First the criteria for selecting the structural data used in the analysis are described. Then we explain the alignment procedure, and review the clustering method. Finally, we describe the different approaches for characterizing backbone and side-chain conformations: analysis of variation, comparison of subsets and identification of invariant and variable regions. The C{alpha} atom coordinates are used to analyse backbone conformations, alternatively the coordinates of the side-chain atoms are used for more detailed analysis of the side-chain conformations.

2.1 Structural data
Structural models were obtained from ASTRAL SCOP 1.71 (Chandonia et al., 2004), which correspond to the SCOP 1.71 (Andreeva et al., 2004) domain definitions. Each set contains the structural models (entries) classified in the same SCOP species level. There are 75 930 SCOP models in total. The analysis was restricted to sets with two or more entries, but with fewer than 60 entries. It was also restricted to the first seven SCOP classes: all alpha, all beta, alpha and beta (a/b), alpha plus beta (a + b), multi-domain, membrane and cell surface and small proteins. Four classes were excluded: coiled-coil proteins, low-resolution protein structures, peptides and designed proteins.
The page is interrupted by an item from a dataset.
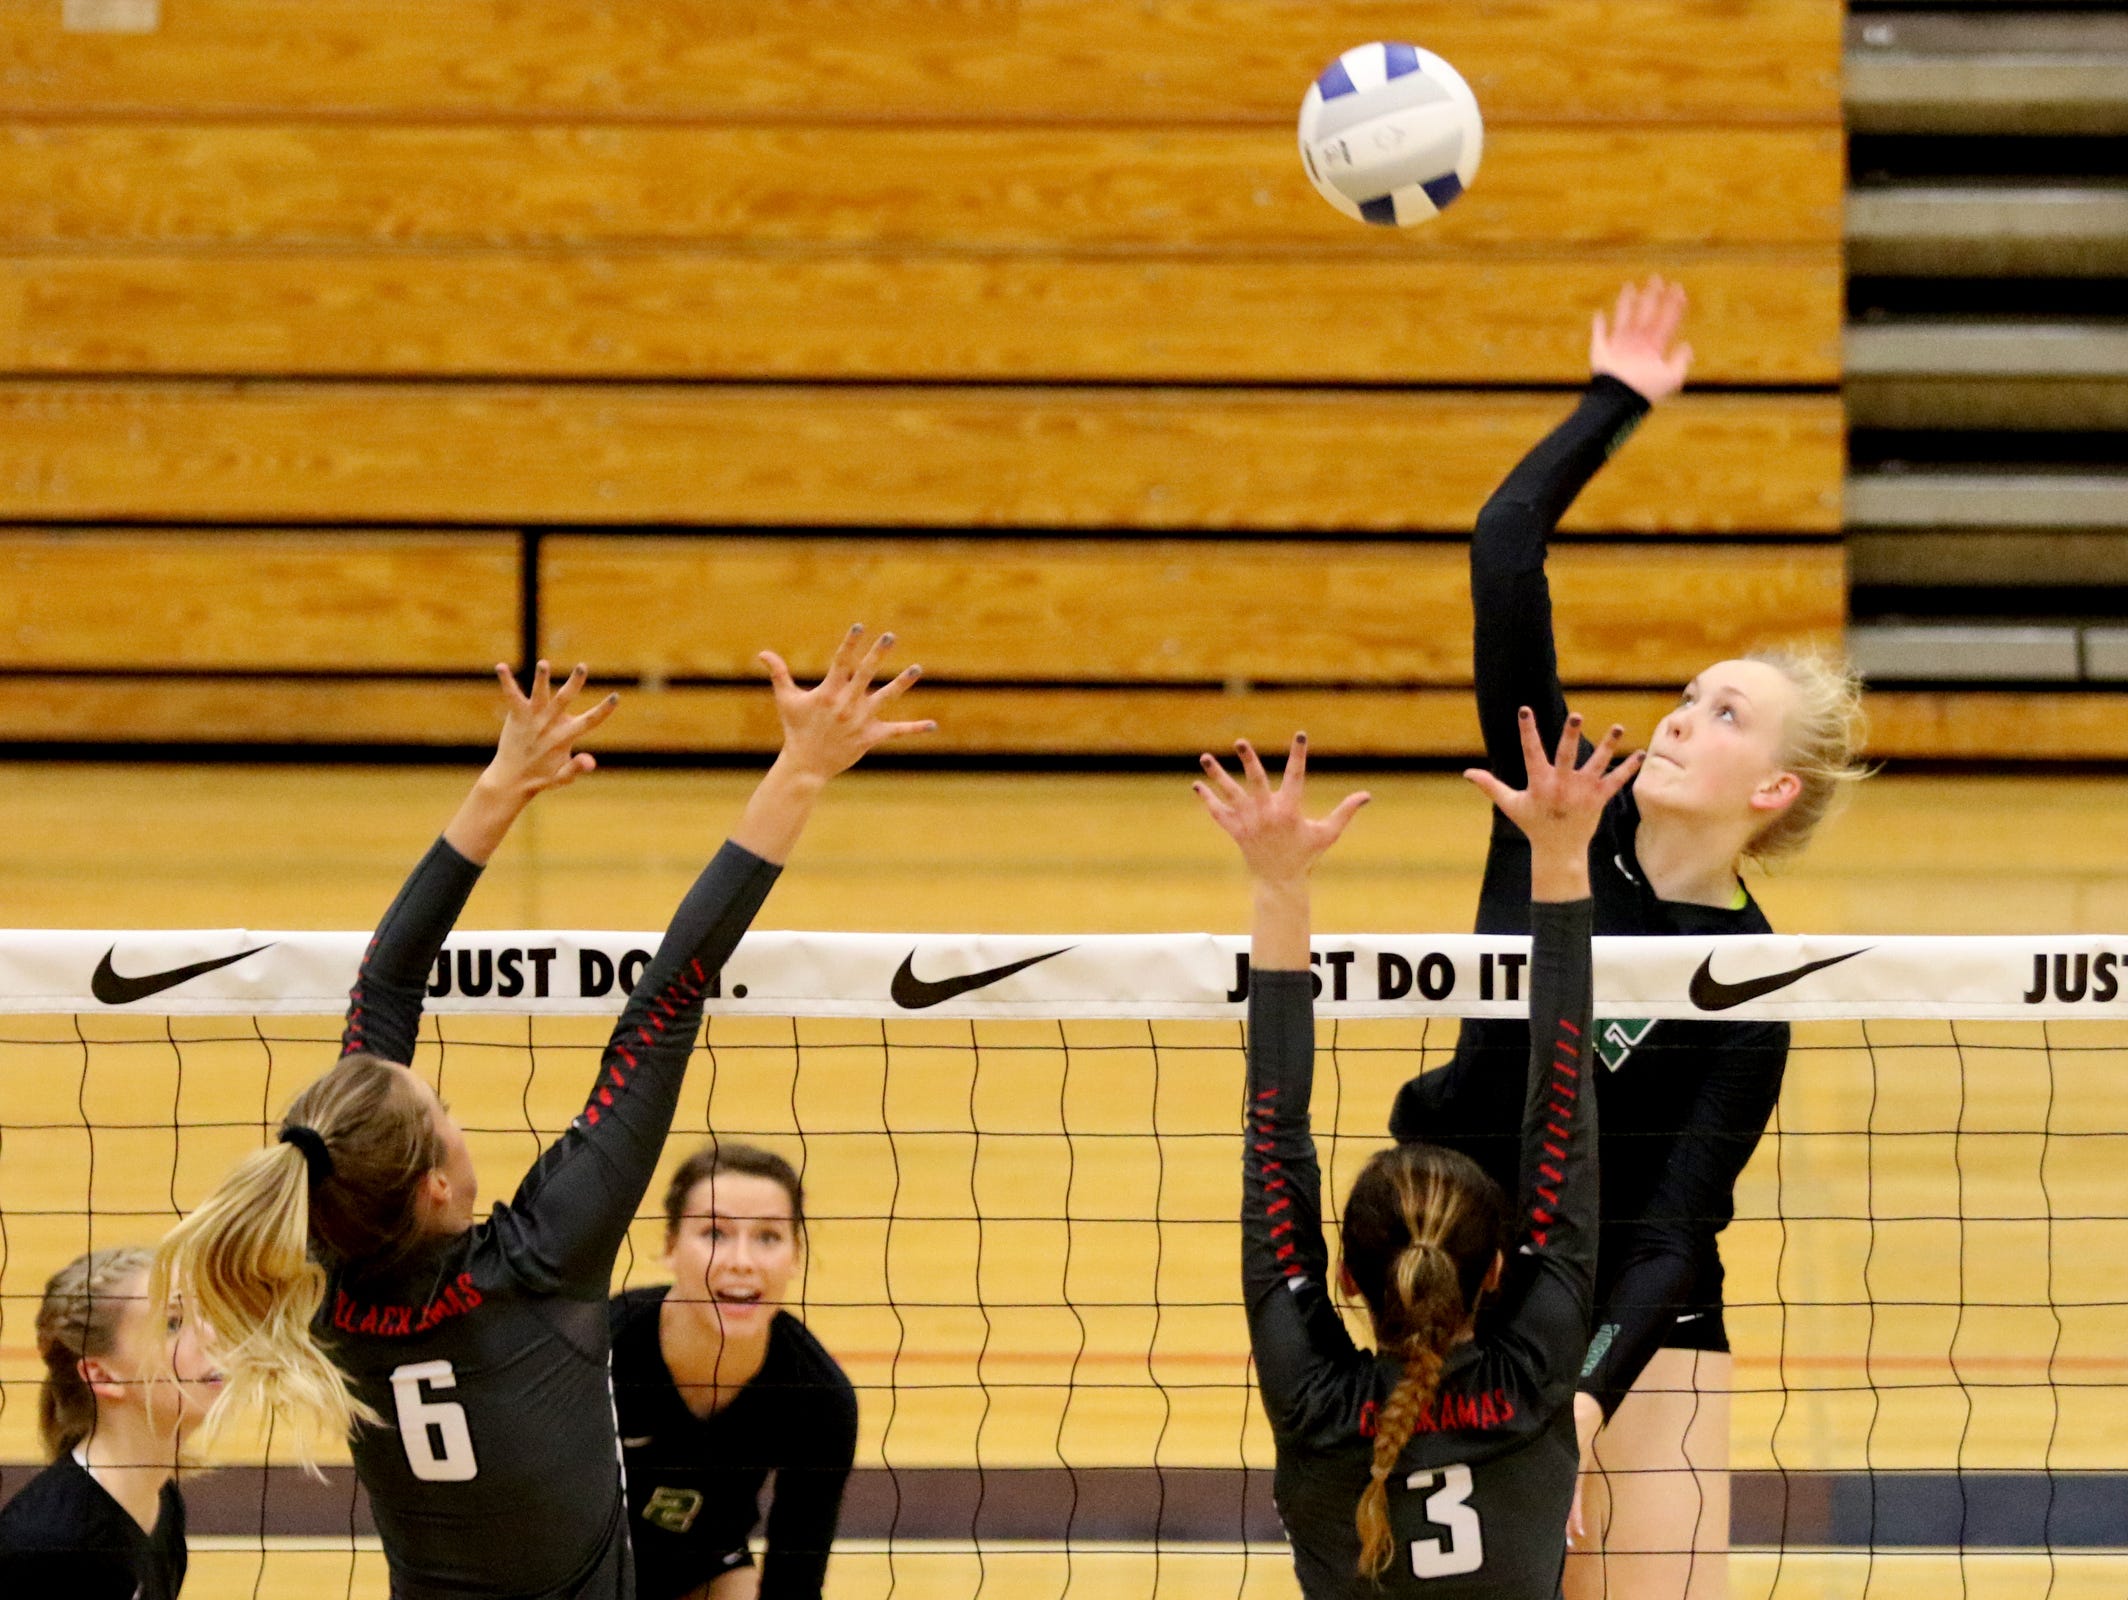 West Salem's Paige Whipple (12) spikes the ball past Clackamas' Calla Meyer (6) and Kayley Andersen (3) in the OSAA Class 6A quarterfinal volleyball match of Clackamas vs. West Salem at Liberty High School in Hillsboro on Friday, Nov. 4, 2016. West Salem lost in four sets.

Only entries for which a diffraction-component precision index value could be computed (see below) and which could be aligned were used in the analysis. In total 36 634 SCOP models were used, divided in 5837 sets.

The diffraction-component precision index (DPI) was used to derive estimates of atom coordinate uncertainties for models derived by X-ray crystallography (Cruickshank, 1999). The result is an estimate of coordinate uncertainty ({sigma}i) for atom i. The centroid coordinate uncertainty is the mean uncertainty of the atom coordinates used in the computation of the centroid. DPI values were computed for 85% of all PDB entries available in February 2007, and are available on the STRuster web site. See Supplementary Material for more details.

2.2 Alignment
Each set contains models for one type of protein matching a UniProt entry (Bairoch et al., 2005). Each model was aligned to the protein sequence from UniProt, using the mappings between PDB residue number and UniProt sequence position (Martin, 2005). A set was only used in the analysis if each PDB entry was mapped to the same UniProt. Sets where different PDB entries were mapped to different UniProt sequences were excluded. The PDB residue-UniProt sequence pairwise alignments were then combined using the UniProt sequence as reference, producing a multiple sequence alignment. Alignments can include substitutions and insertions/deletions relative to the UniProt sequence. We refer to the different residue positions in the protein by the alignment positions (starting at index 0). For the three examples provided in the Results section, the mapping between the alignment positions and the PDB residue numbering are provided in the STRuster web site, by typing the appropriate SCOP or PDB codes.

2.3 Clustering
A hierarchical clustering method for grouping the models according to structure similarity was applied to each set. Clustering is implemented as previously described (Domingues et al., 2004), see Supplementary Material for a review of the method. The main difference is that the dissimilarity measure was modified to take into account insertions and deletions in the residue mapping between two entries as obtained from the multiple sequence alignment. The C{alpha} atom distances are used when clustering according to backbone structural similarity. When a more detailed analysis sensitive to side-chain conformations is required, then the distances between the side-chain centroids (including the C{alpha} atom) is also used. The silhouette width value (Rousseeuw, 1987) is a measure of cluster quality, which is used to identify the best number of groups obtained by hierarchical clustering.

2.4 Variation matrices
The variation matrices are used for visualizing the location and extent of structural variability over a set of alternative models. The structural variability is measured at the level of backbone using C{alpha} atom coordinates, or alternatively using the centroid of the side chain (including the C{alpha} atom). Four types of matrices are computed. They provide complementary information. Matrix S is the standard-deviation (SD) matrix, and gives the SDs of the coordinate distances. The total SD matrix (T) accounts not only for the distance variation but also for the coordinate uncertainties. Both the S and T matrices provide measures of distance variability in absolute units (Å). The relative SD matrix (R) provides a measure of structural variability relative to the estimates of uncertainty in order to help in the identification of significant conformational variation. Finally, the maximum relative difference matrix (X) contains the largest pairwise structural differences at each position in the set of models. The matrix rows and columns correspond to the alignment positions (i,j), and all the matrices are symmetric.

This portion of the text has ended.